The first idea is a comparison of corporate culture with climate, which explains climate and cultural enclaves that can be significantly different from the general climate of the region or culture of larger organization. The author suggests that there is no general culture of the organization; the organizational culture is a combination of existing sub cultures.
The second idea is effect of a strong organizational culture – it helps company to succeed during stable times, but not as helpful during the time of change. This perception seem to make sense – strong culture establishes the best way to operate under certain circumstances, but the environment can change more quickly than the culture of the business.
Other interesting points from the book:
- Cultural issues are contributing significantly to loss of value companies experience in M&A (one of the most famous examples is Daimler-Benz merger with Chrysler).

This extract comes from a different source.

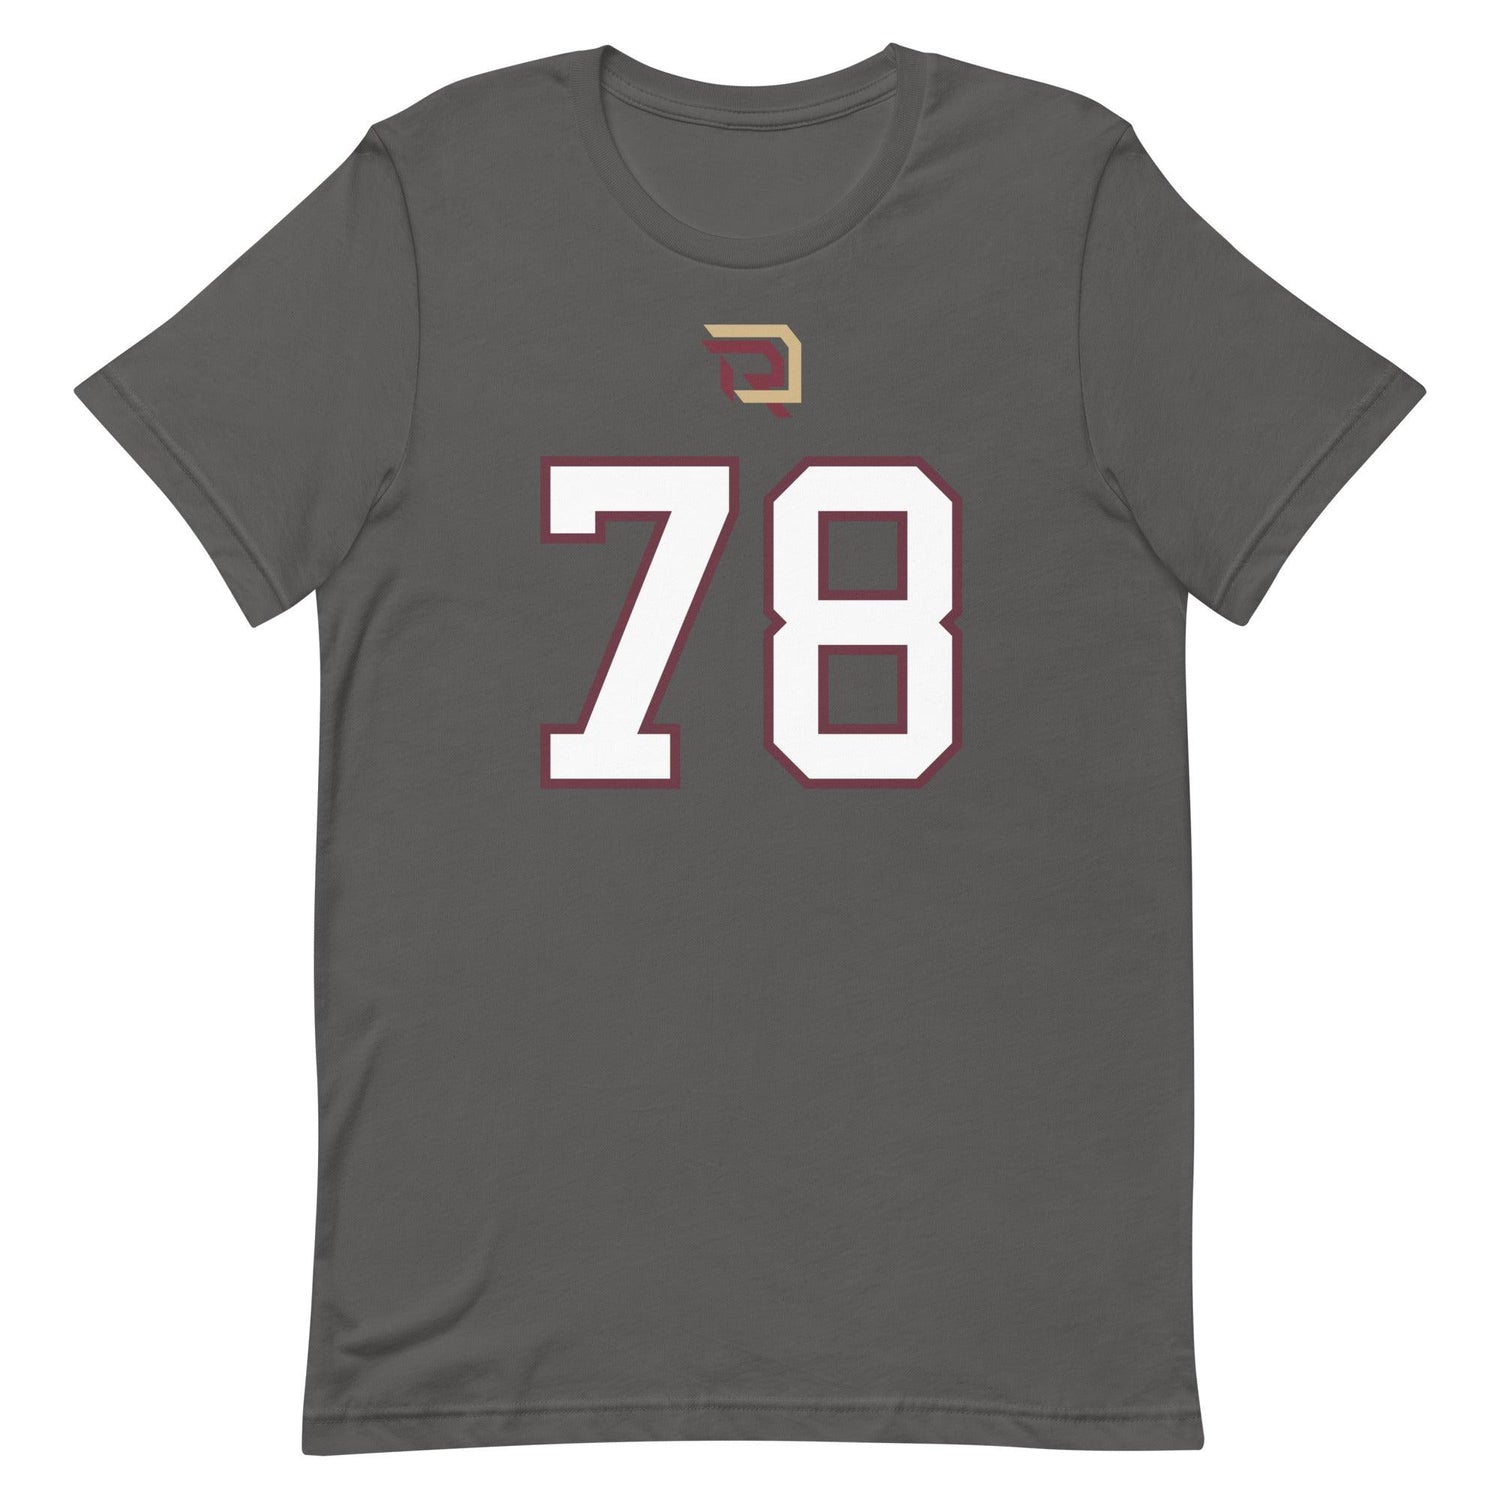 Daughtry Richardson "Jersey" t-shirt - Fan Arch

- Culture of the organization is constantly changing independent of any management efforts, and at the same time it is very difficult to change in a desired direction. Most orchestrated culture changes are doomed into failure. (TQM culture changes – 70% were unsuccessful)
- Culture change programs may have unintended consequences
- Culture change is needed only when it is important for the company’s strategy and should not be implemented lightly. Sony had to change from manufacturing culture to knowledge-based culture – a reinvention of the business model itself.
- A new employee needs to learn the new organization and its unwritten rules quickly – the success is higher when the employees receives help rather than navigates the process independently. Even job shift from one department of the company to another one can require learning new culture.